しかも忙しい中で書いたからまた低クオリティというこの体たらく……



と、とにかく、本編を、どうぞ!! 

 










セルムブルグは、六十一層にある美しい城塞都市だ。
俺たちが湖の中心にぽつんと浮かぶ小島に存在するその街の転移門についた時には、すでに陽はすっかり暮れかかっていた。
両脇に品のいい店舗やら住宅が立ち並び、行き交うNPCやプレイヤーの格好もどこか垢抜けて見える。
着いてからずっと物珍しそうに辺りを見回している、田舎者丸出しなトーヤとはえらい違いだ。
アスナの住む部屋は、目抜き通りから東に折れてすぐのところにある小型の、しかし美しい造りのメゾネットの三階だった。もちろん訪れるのは初めてだ。

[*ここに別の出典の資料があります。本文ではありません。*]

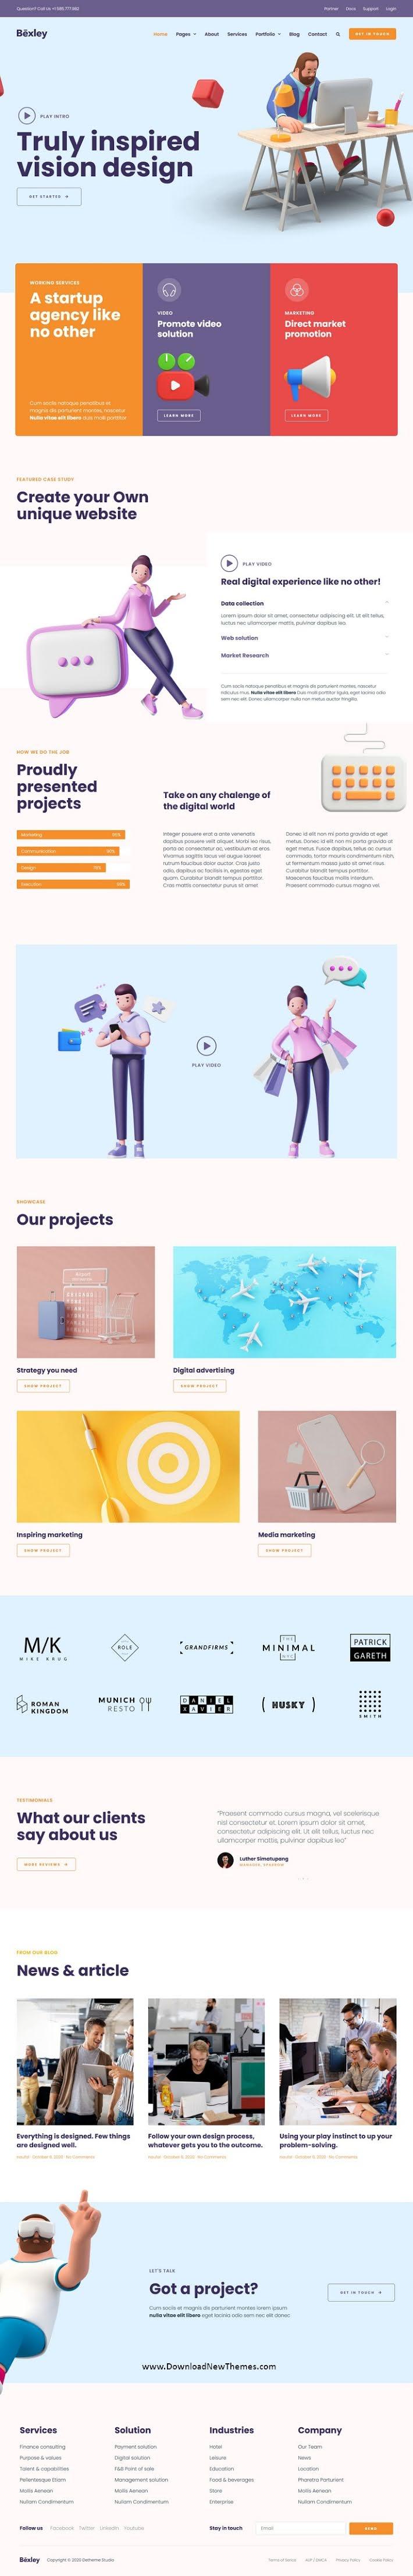 Digital Marketing Agency Template Kit

それを意識すると俺は今更ながら腰の引ける思いで、建物の入り口で躊躇してしまう。
ふと見てみれば、トーヤも遠慮がちに俺にちらちらと視線を向けていた。
『先に入ってください』ということだろう。俺が言えたことじゃないが、変なところで奥ゆかしい奴だ。

「しかし……いいのか? その……」

「なによ、君が持ちかけた話じゃない。他に料理ができる場所がないんだから仕方ないでしょ!」

ぷいっと顔をそむけ、アスナはそのまま階段をとんとん登って行ってしまう。覚悟を決めた俺はトーヤに手招きしてから、そのあとに続いた。

「お……お邪魔します」

おそるおそるドアをくぐった俺は、言葉を失って立ち尽くした。
広いリビング兼ダイニングと、隣接したキッチンには明るい色の木製家具がしつらえられ、統一感のあるモスグリーンのクロス類で飾られている。全て最高級のプレイヤーメイド品だろう。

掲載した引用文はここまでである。